The debate is complicated by the fact that whence is not that common a word
these days, being rather literary; it is hard finding a modern example that
isn't prefixed by from. This is from Newsday of 11 November 2004: "He is a
legendary figure in his native England, whence I have just returned." That's
a good example of the "proper" use.
Objectors to from whence have support in logic, but logic doesn't feature
much in English constructions, especially idioms, which is how one perhaps
should regard the phrase these days. One newspaper archive consulted, hardly
comprehensive, contained more than 250 cases of from whence just in 2004. It
succeeds because it is informal and colloquial compared with whence used
alone, a construction that is unusual enough to force readers to stop and
work out the meaning.
And even a brief look at historical sources shows that from whence has been
common since the thirteenth century.
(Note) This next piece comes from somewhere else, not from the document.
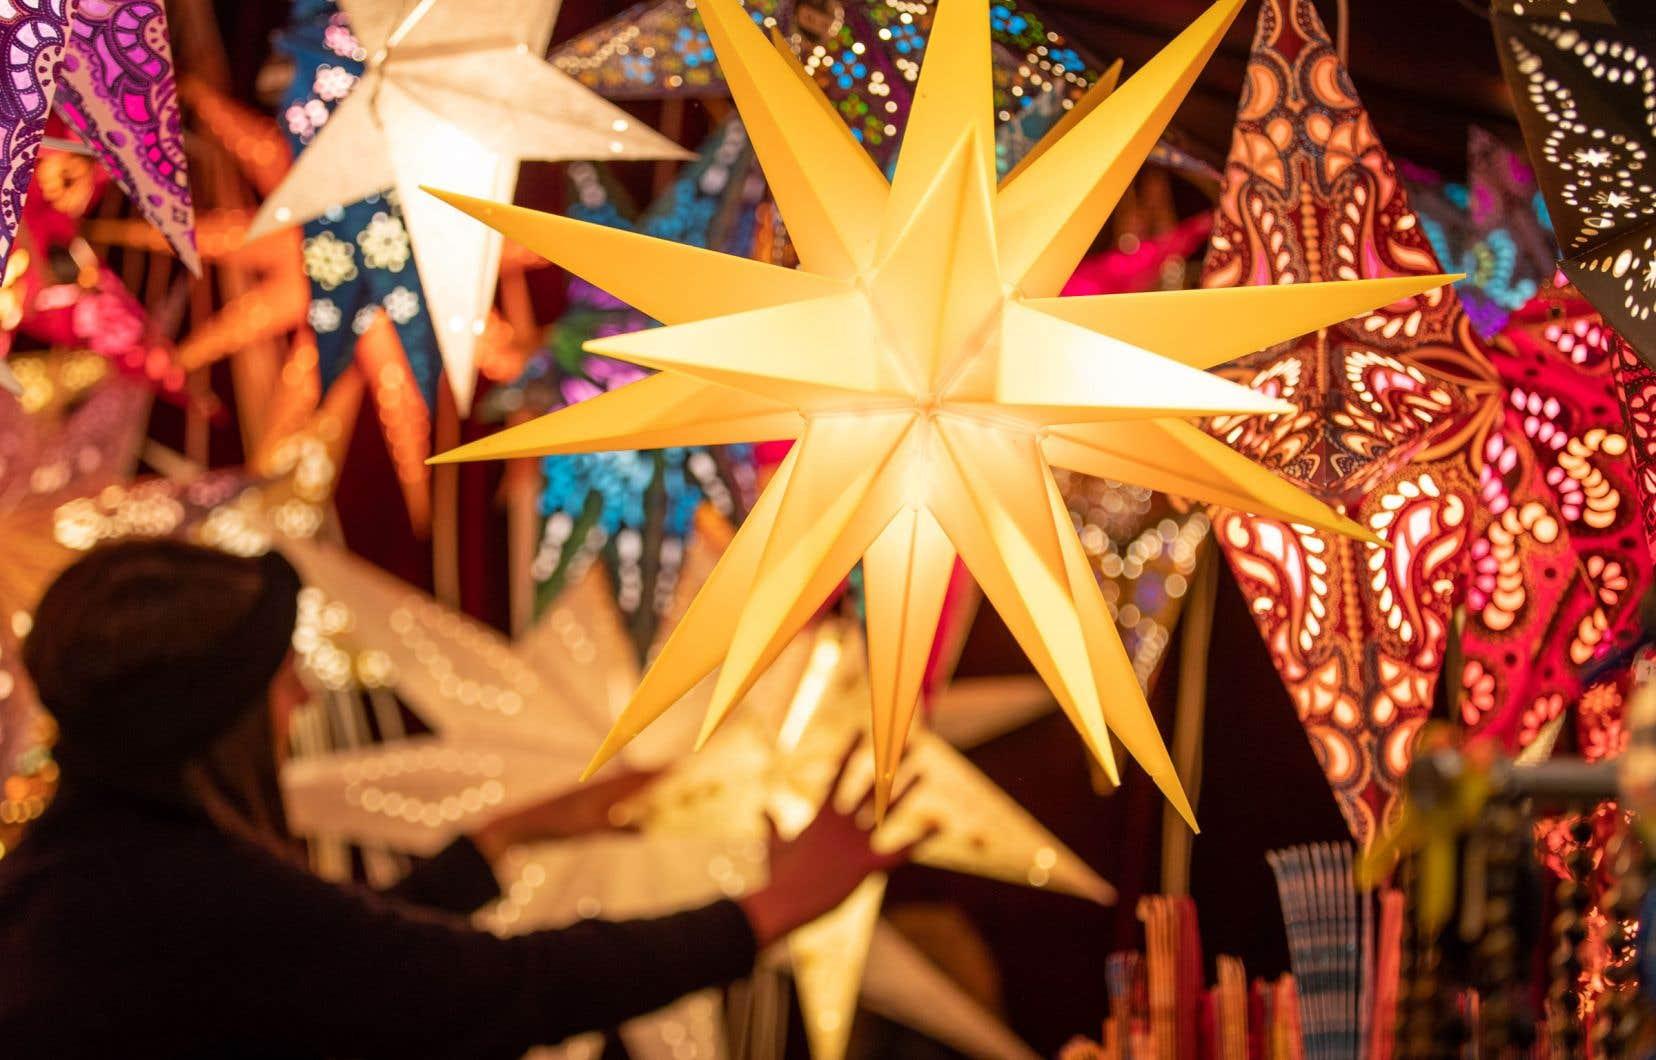 Avec le recul, il semble tout à fait approprié de célébrer Noël durant la période du solstice d'hiver. La victoire de la lumière, célébrée sous diverses formes par de nombreux peuples, des Maoris de la Nouvelle-Zélande aux Micmacs des provinces atlantiques, replace Noël dans une tradition plusieurs fois millénaire.
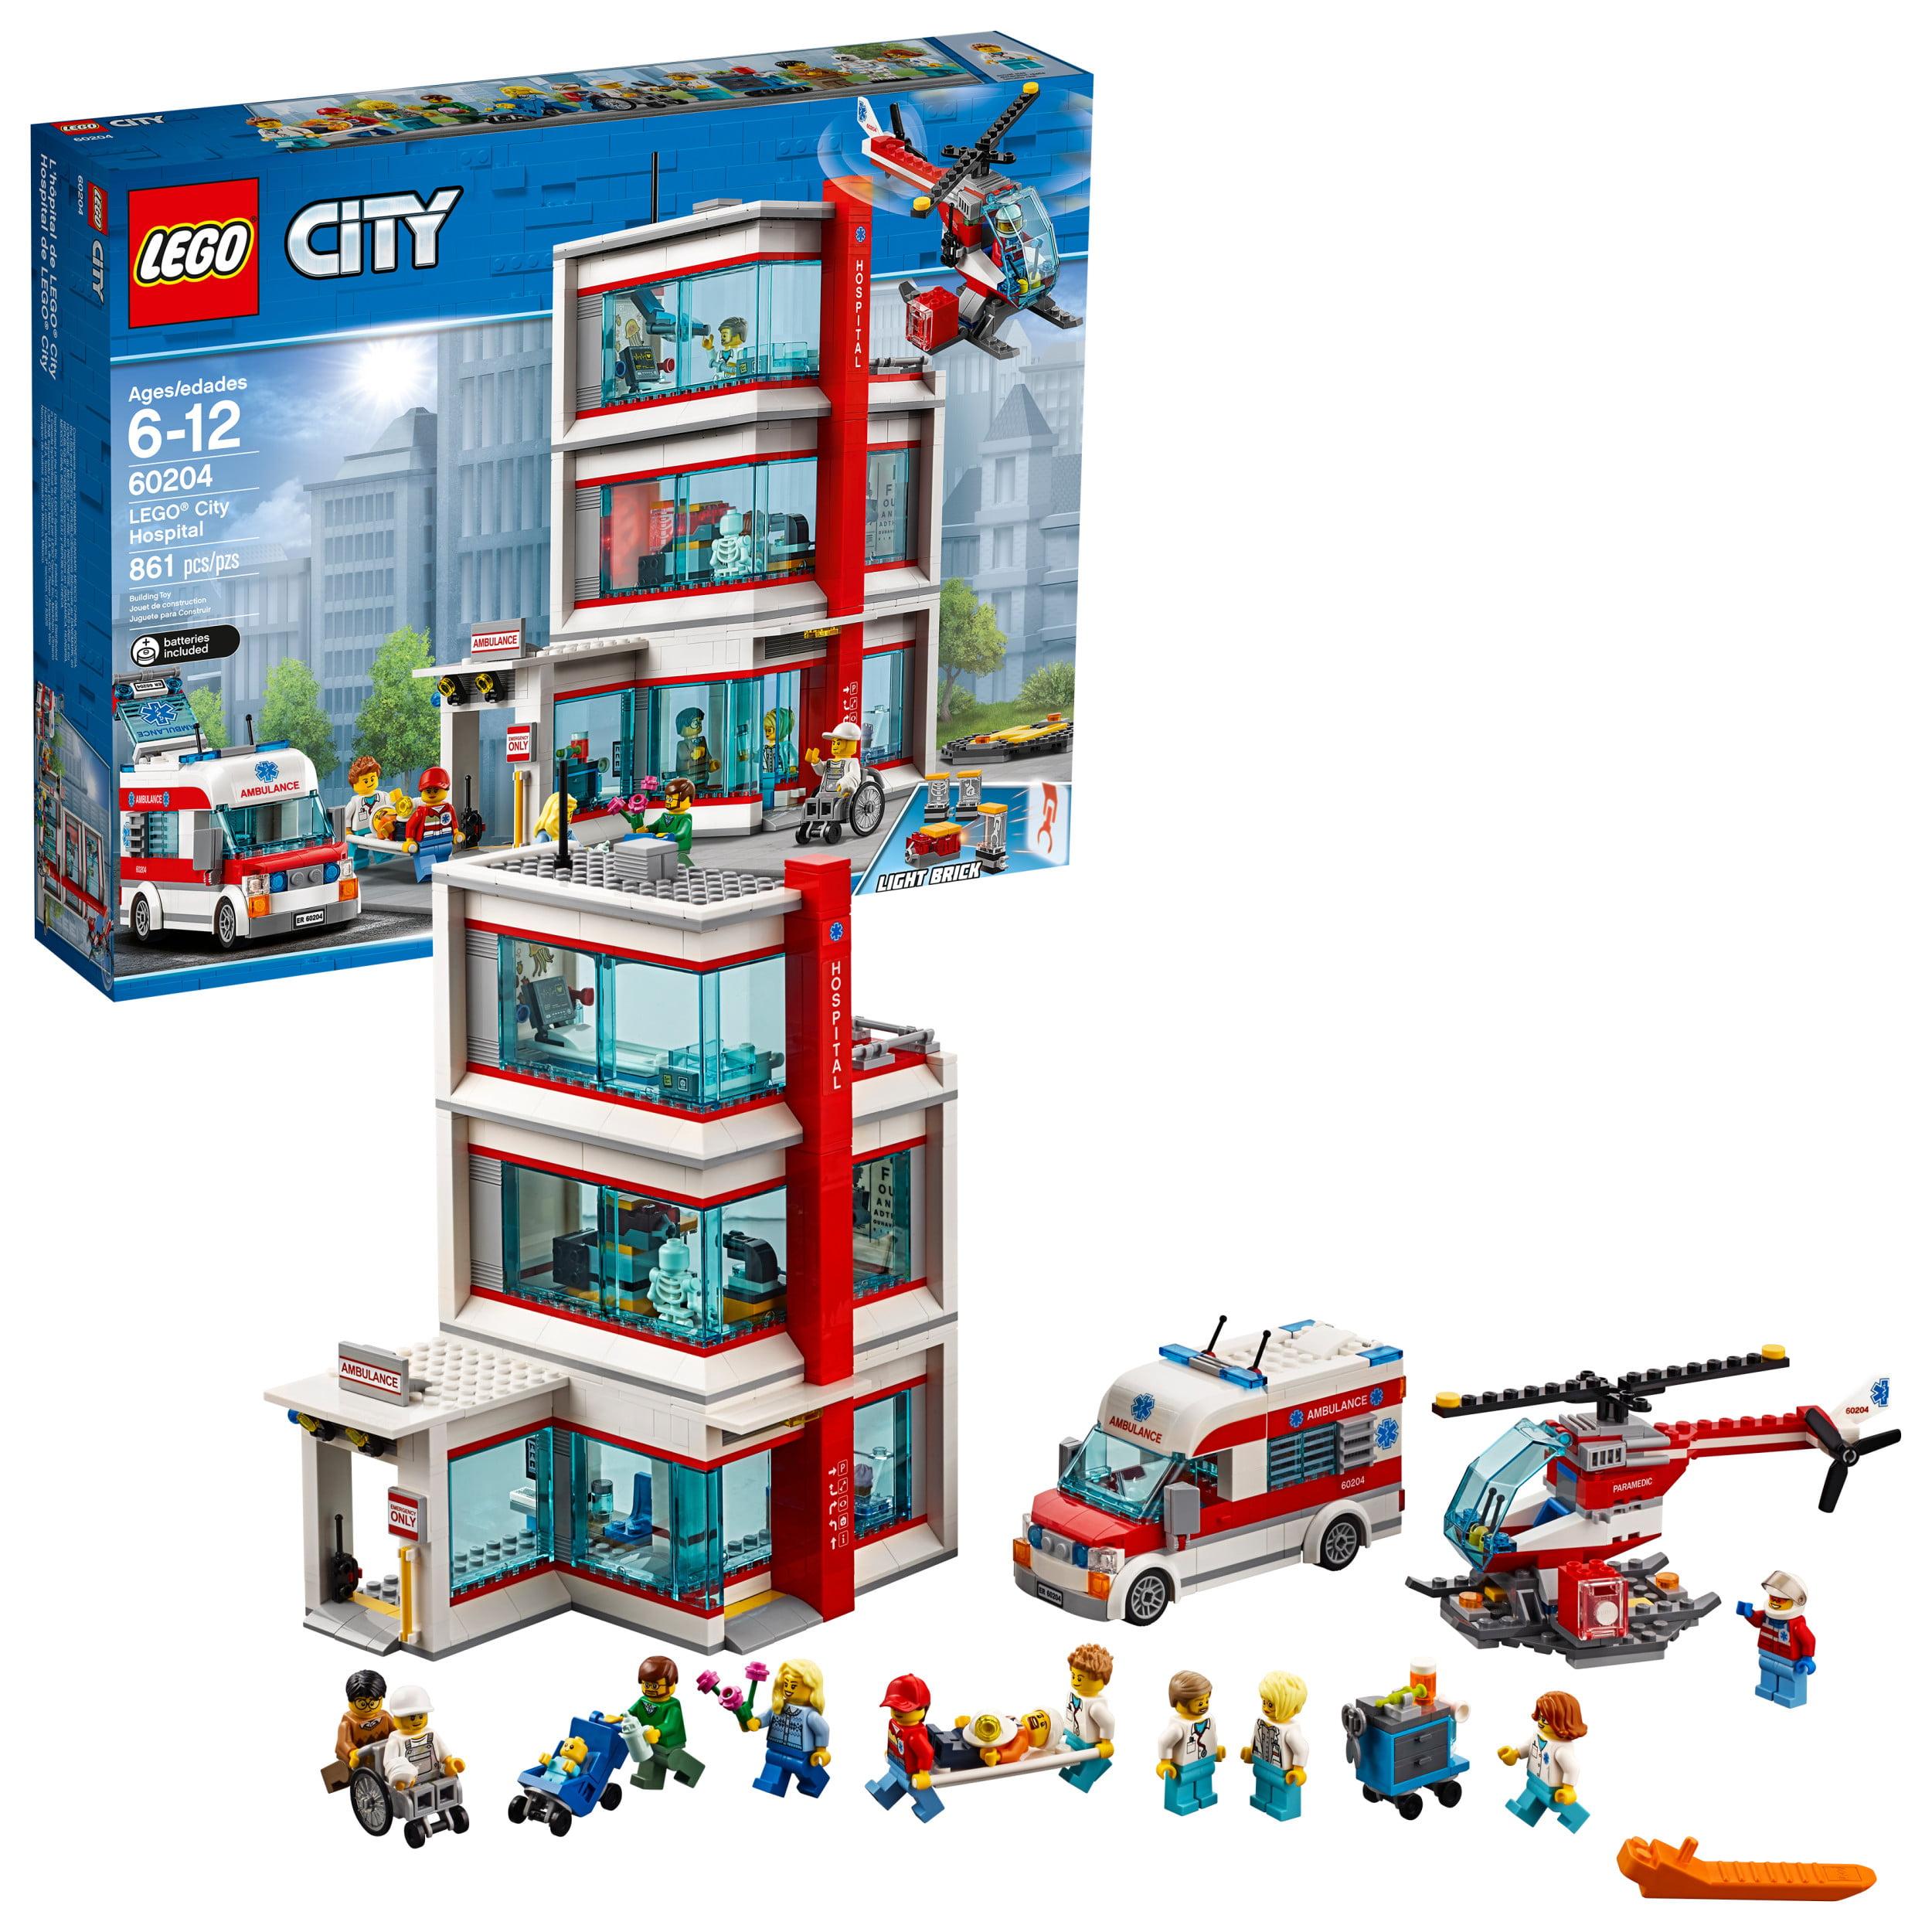 LEGO City Hospital 60204 - Walmart.com

It has been used by Shakespeare, Defoe
(in the opening of Robinson Crusoe: "He got a good estate by merchandise,
and leaving off his trade, lived afterwards at York; from whence he had
married my mother"), Smollett, Dickens (in A Christmas Carol: "He began to
think that the source and secret of this ghostly light might be in the
adjoining room, from whence, on further tracing it, it seemed to shine"),
Dryden, Gibbon, Twain (in Innocents Abroad: "He traveled all around, till at
last he came to the place from whence he started"), and Trollope, and it
appears 27 times in the King James Bible (including Psalm 121: "I will lift
up mine eyes unto the hills, from whence cometh my help").
Though Dr Johnson objected to it in his Dictionary of 1755, calling it "A
vicious mode of speech" (he meant it was reprehensible, not depraved or
savage), most objections to it are no earlier than the twentieth century.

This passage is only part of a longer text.